Brock Healthy Youth Project

BHYP (“Be Hype”) is a project being led by a transdisciplinary team of researchers from Brock University and other Canadian and international universities, as well as partner organizations and our youth engagement committee. The goal of BHYP is to examine the link between health-risk behaviours and adolescent brain development longitudinally.

Why is BHYP important?

Adolescence often is characterized as a health paradox because it is a time of extensive increases in physical and mental capabilities, yet mortality and injury rates increase significantly from childhood to adolescence. In fact, the adolescent years may be a sensitive time for engagement in health-risk behaviours (e.g., substance use, physical inactivity, poor nutrition, risky sexual activity), which can have life-long repercussions. In fact:

  • Youth are more likely to report mental health problems and/or substance abuse disorders than any other age group
  • 70% of mental disorders start between early adolescence and young adulthood
  • Leading causes of death among adolescents are preventable (e.g., unintentional injuries, suicide, assault)
  • Health-risk behaviours that start or are reinforced during adolescence (physical inactivity, poor nutrition, substance abuse) are among the top 20 causes of health-related problems globally for all age groups

The question of why adolescents seem predisposed to engage in health-risk behaviours is age-old; however, recent work in the field of developmental neuroscience has provided new insights into this phenomenon by suggesting that brain maturation and the fact that neural connections among brain regions continues to develop throughout adolescence and into young adulthood might play a key role. The Dual Systems model of adolescent brain development suggests that regions of the brain involved in processing emotions and potential rewards appear to be mature by adolescence, while the regions of the brain involved in keeping emotional, impulsive responses in check are still reaching maturity. Such a discrepancy in timing may explain why adolescents tend to enjoy novelty and are more likely to take risks than adults.

The goal of BHYP is to provide an integrated assessment of the Dual Systems model through a five-year longitudinal study of health-risk behaviours across adolescence that includes assessments of brain activity, genetics, endocrine status, physical activity, personality, and environmental factors. Participants include 1,500 youth (ages 8-13 at year one) who are completing surveys annually over a five-year period.

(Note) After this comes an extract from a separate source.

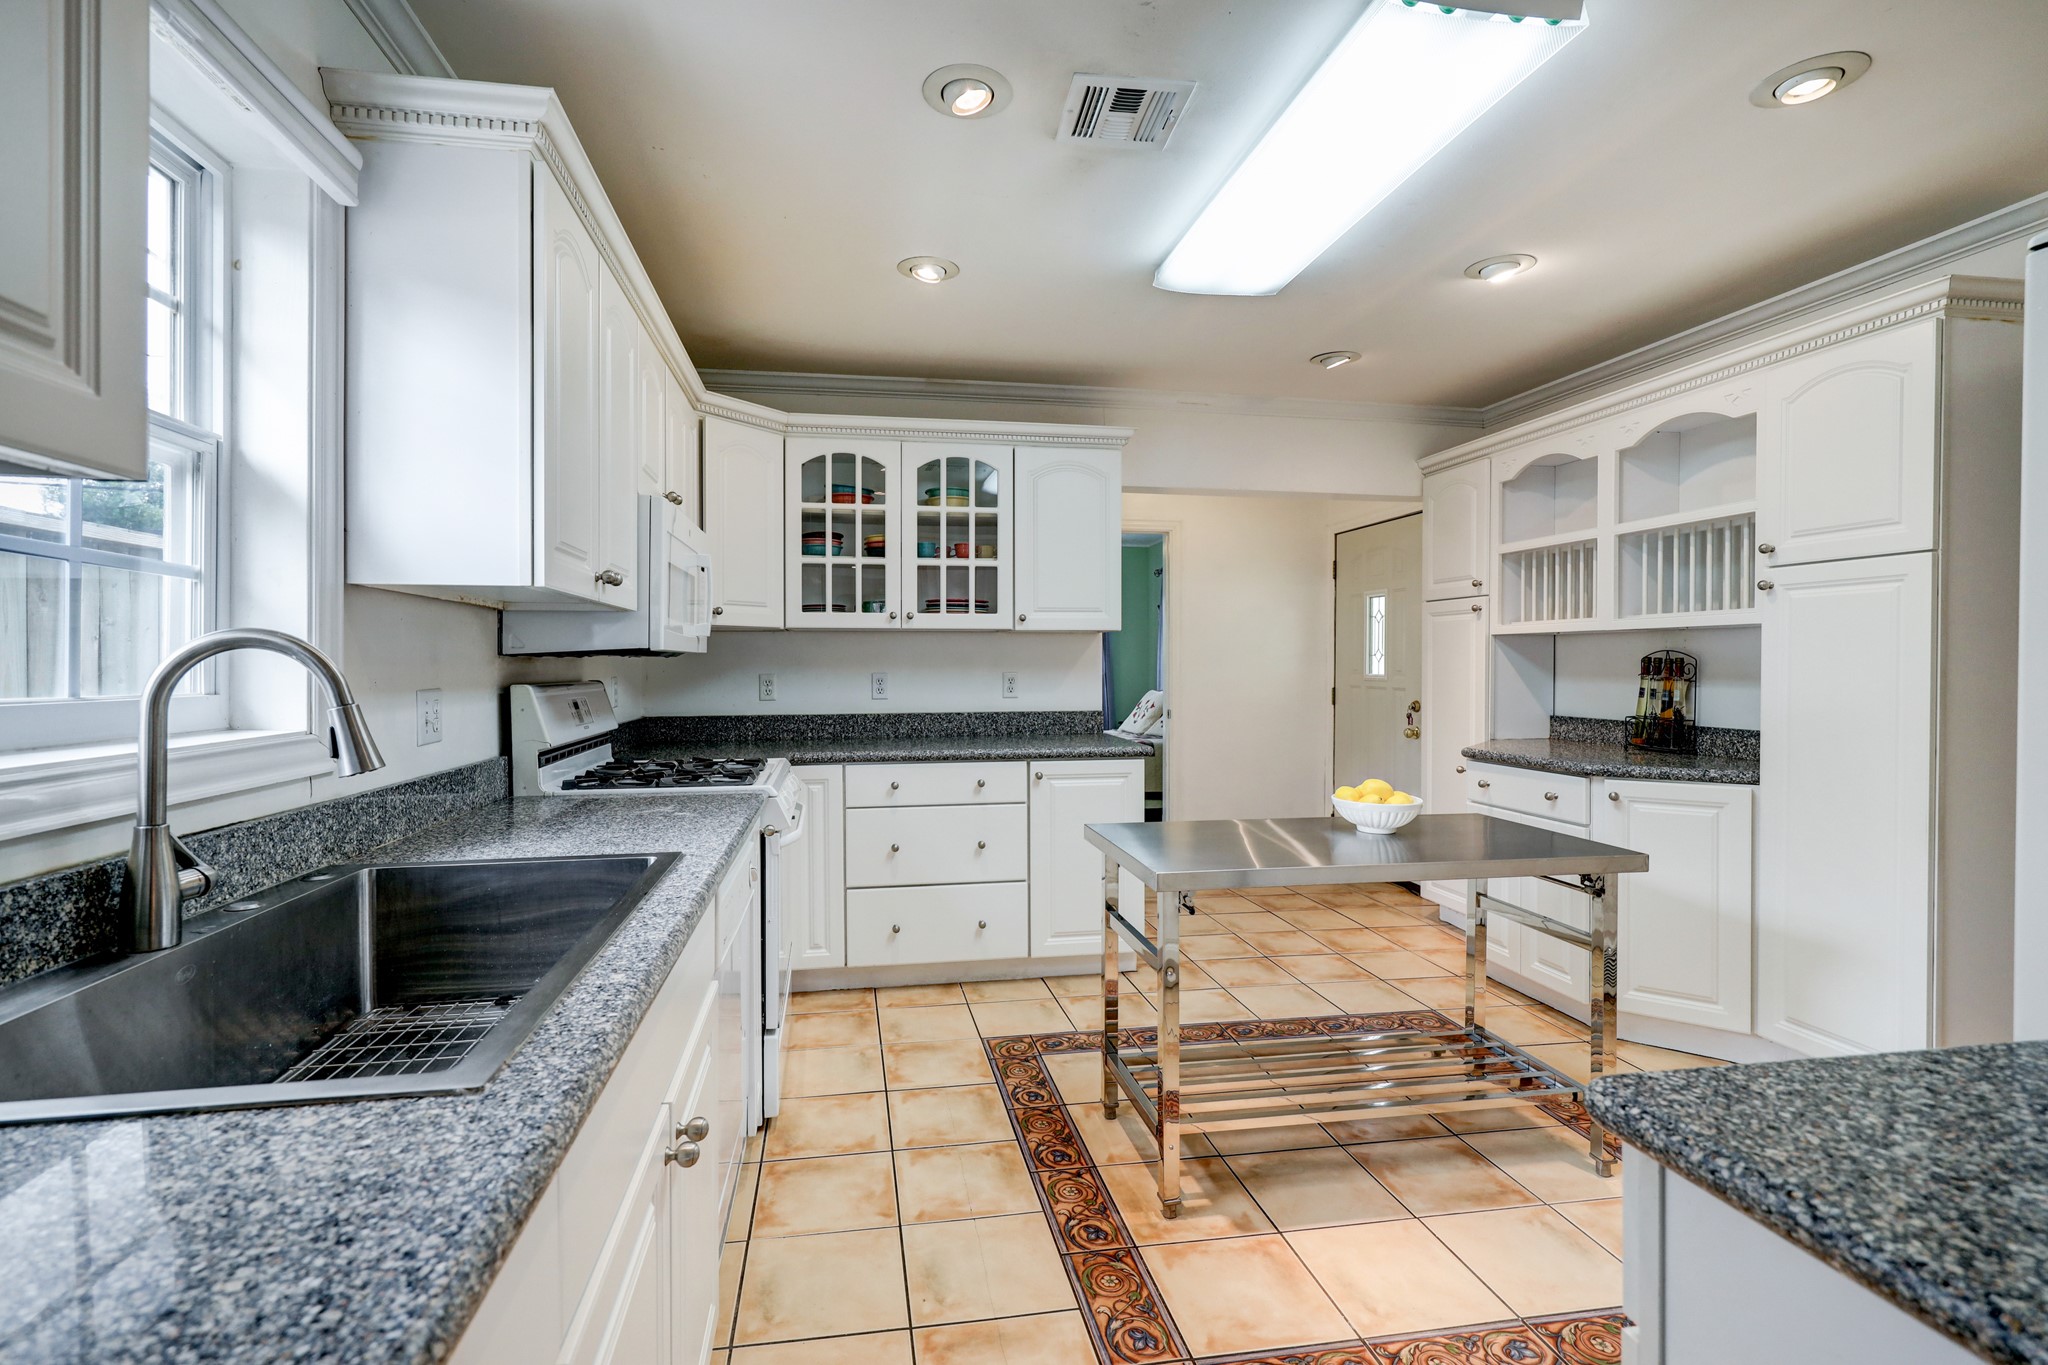 KITCHEN - Showing the space and proximity to storage. Double sink and plenty of prep space to cook your favorite meal.
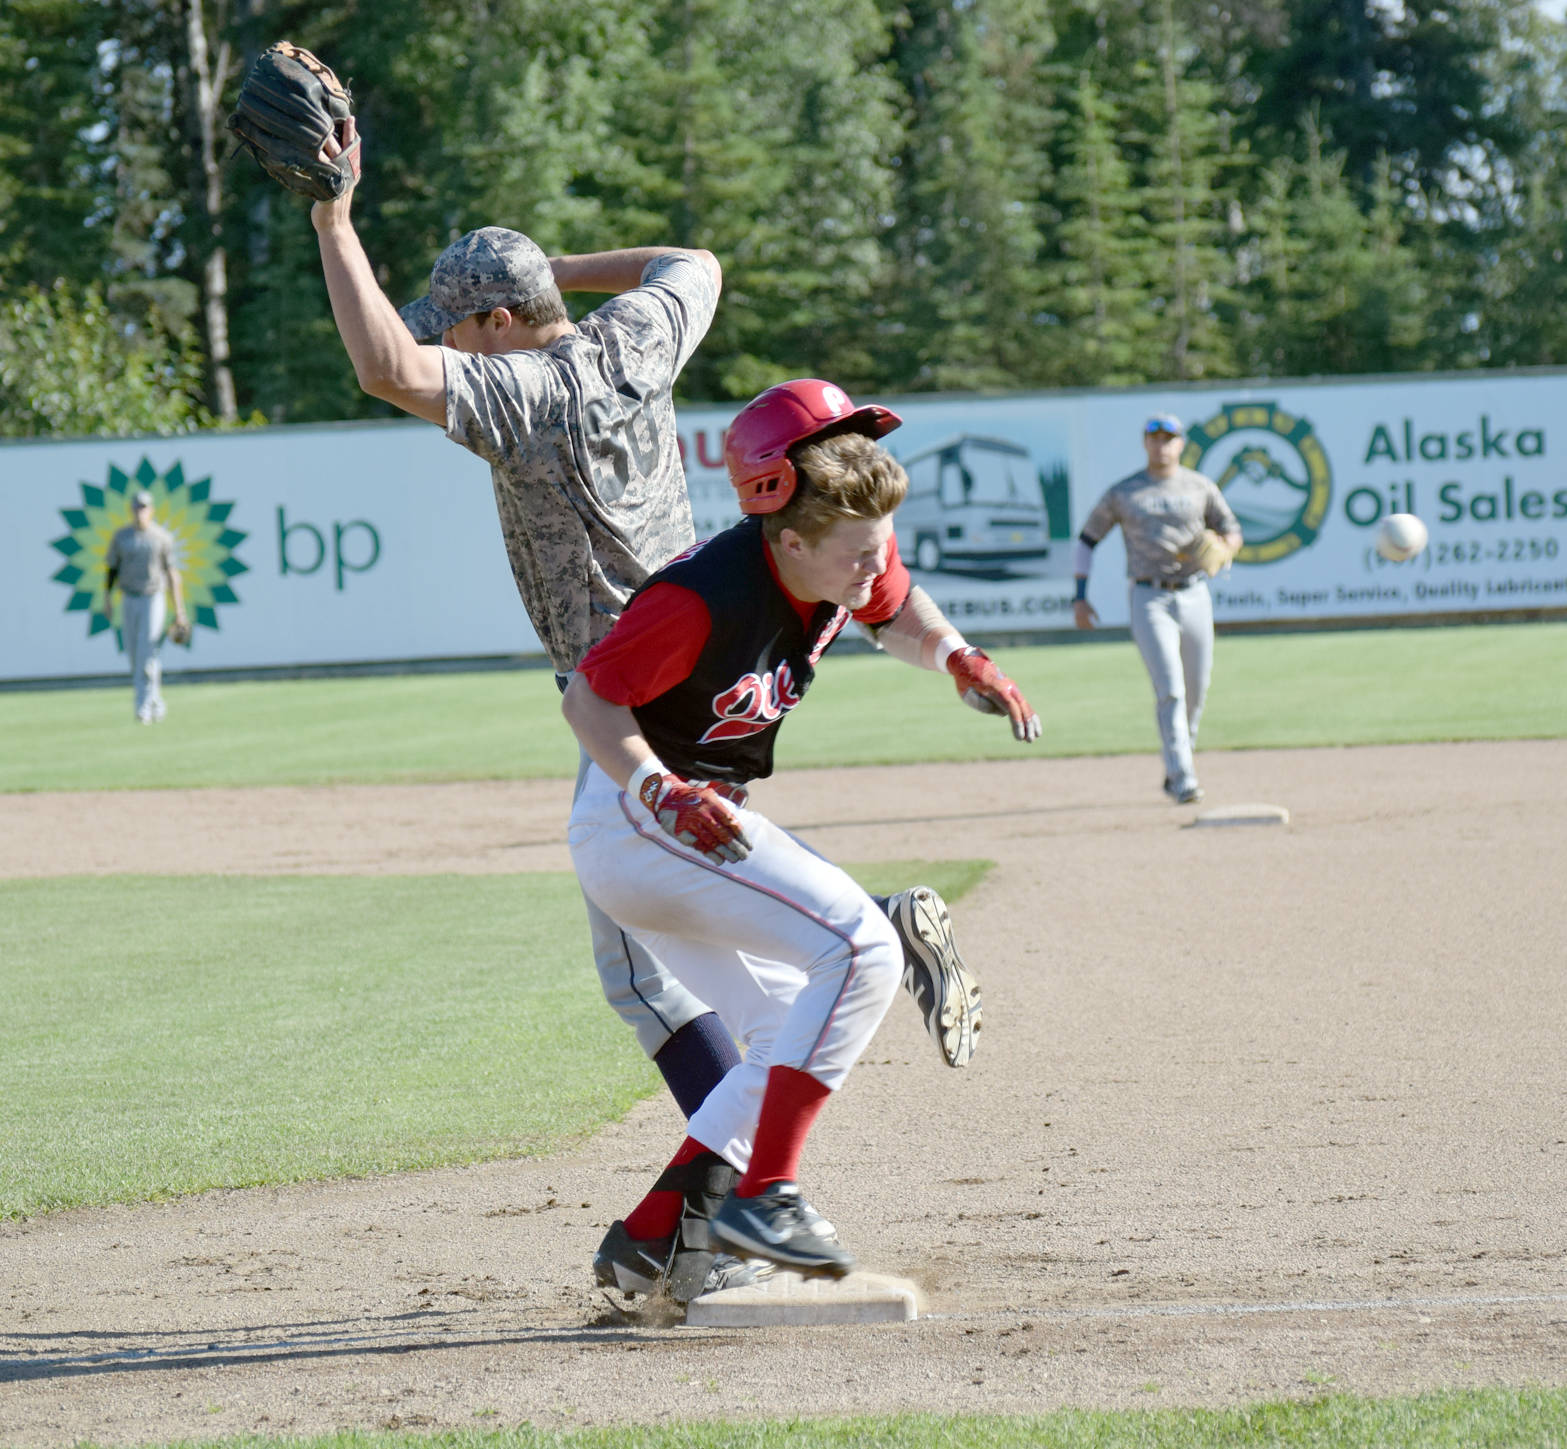 Kellen Strahm beats out a single in the bottom of the first inning as the ball gets away from Chugiak-Eagle River Chinooks first baseman Luke Coffey on Thursday, July 27, 2017, at Coral Seymour Memorial Park in Kenai. (Photo by Jeff Helminiak/Peninsula Clarion)

A subset of the participants is also completing a three-year lab component which involves the collection of genetic, hormone, sleep, and brain activity measures.

In order to ensure the timely mobilization of our research findings into prevention/intervention programs, policy, and education, we provide:

  1. an integrated investigation of the development of youth health-risk behaviours,
  2. evidence-based support (or lack of support) for the Dual Systems Model of adolescent brain development and its implications for youth vulnerabilities and opportunities,
  3. updates on indicators for health and wellness throughout the transitions from childhood to adolescence to young adulthood that are best to target in prevention/intervention programs, such as activities that enhance impulse control and positive lifestyle choices (linked back to the United Nations’ Sustainable Development Goals), and
  4. a timely and widespread application of findings given the strong team of researchers, partners, and integrated knowledge mobilization strategies.